Kling v2.6 Std Text To Video starts at $0.21 per run. That figure is the base price — the final charge scales with the parameters you set in the form (output size, length, count, references, or whatever knobs this model exposes), so a higher-quality or larger output costs more than a minimal one. The exact cost for your current input is shown live next to the Generate button before you submit, and the actual per-call charge is recorded on the prediction afterwards.
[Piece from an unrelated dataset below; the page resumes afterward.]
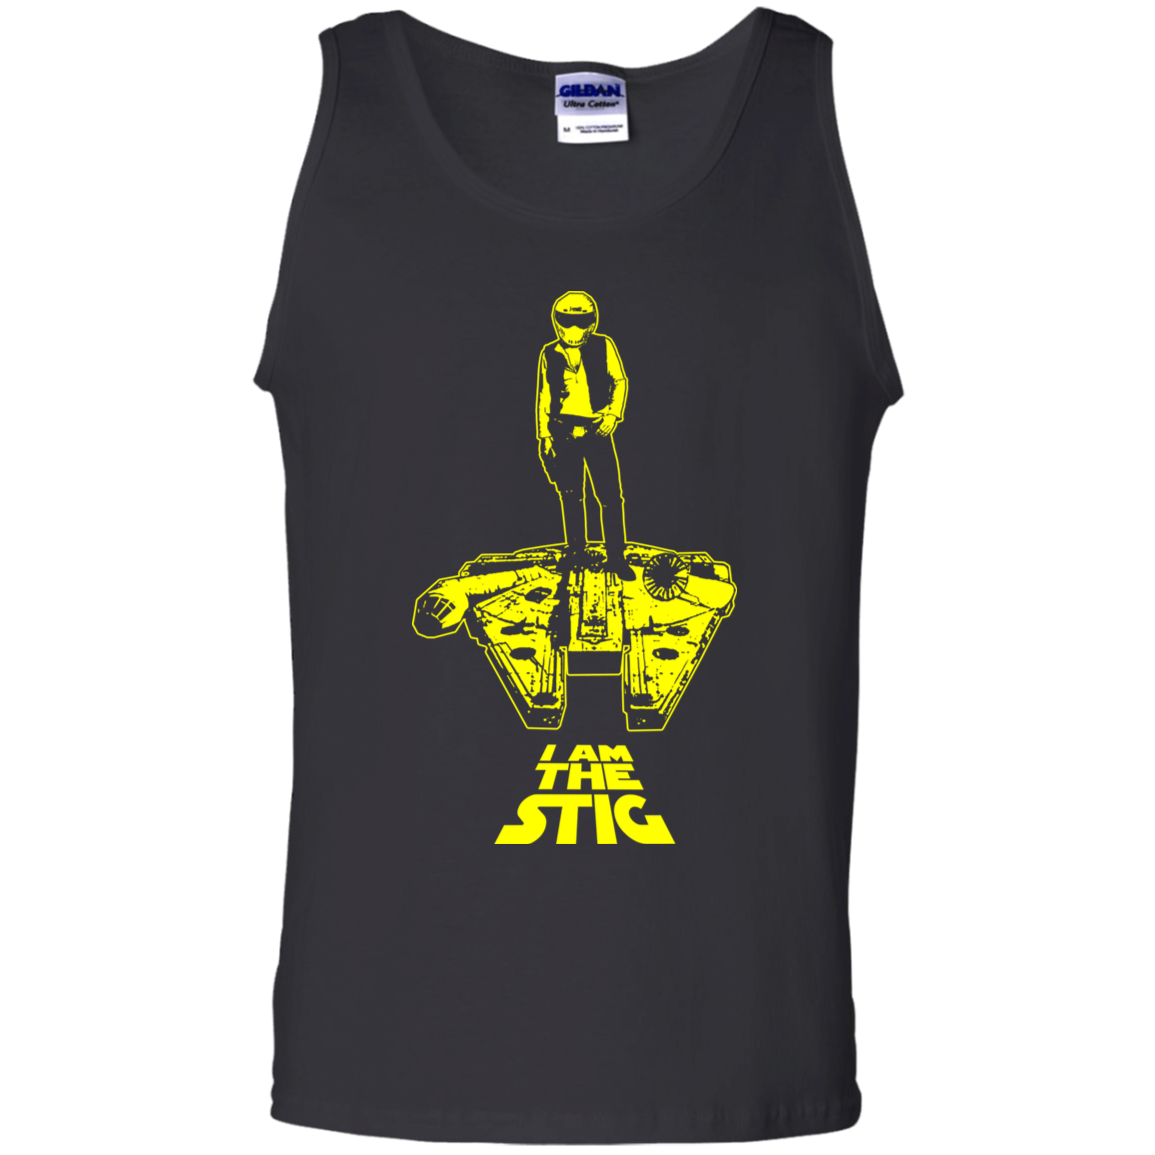 ArtichokeUSA Custom Design. I am the Stig. Han Solo / The Stig Fan Art. 100% Cotton Tank Top

What inputs does Kling v2.6 Std Text To Video accept?

Key inputs: `prompt`, `aspect_ratio`, `duration`, `negative_prompt`. The full JSON schema (types, defaults, allowed values) is rendered above the Generate button and mirrored in the API reference at https://wavespeed.ai/docs/docs-api/kwaivgi/kwaivgi-kling-v2.6-std-text-to-video.

How long does Kling v2.6 Std Text To Video take to generate?

Average end-to-end generation time on WaveSpeedAI is around 92 seconds per request — measured across recent runs. Queue time scales with global demand; live status is visible in the prediction record.

Can I use Kling v2.6 Std Text To Video outputs commercially?

Commercial usage rights depend on the model's license, set by its provider (Kuaishou). The license summary appears on the model card above; see WaveSpeedAI's Terms of Service for platform-level conditions.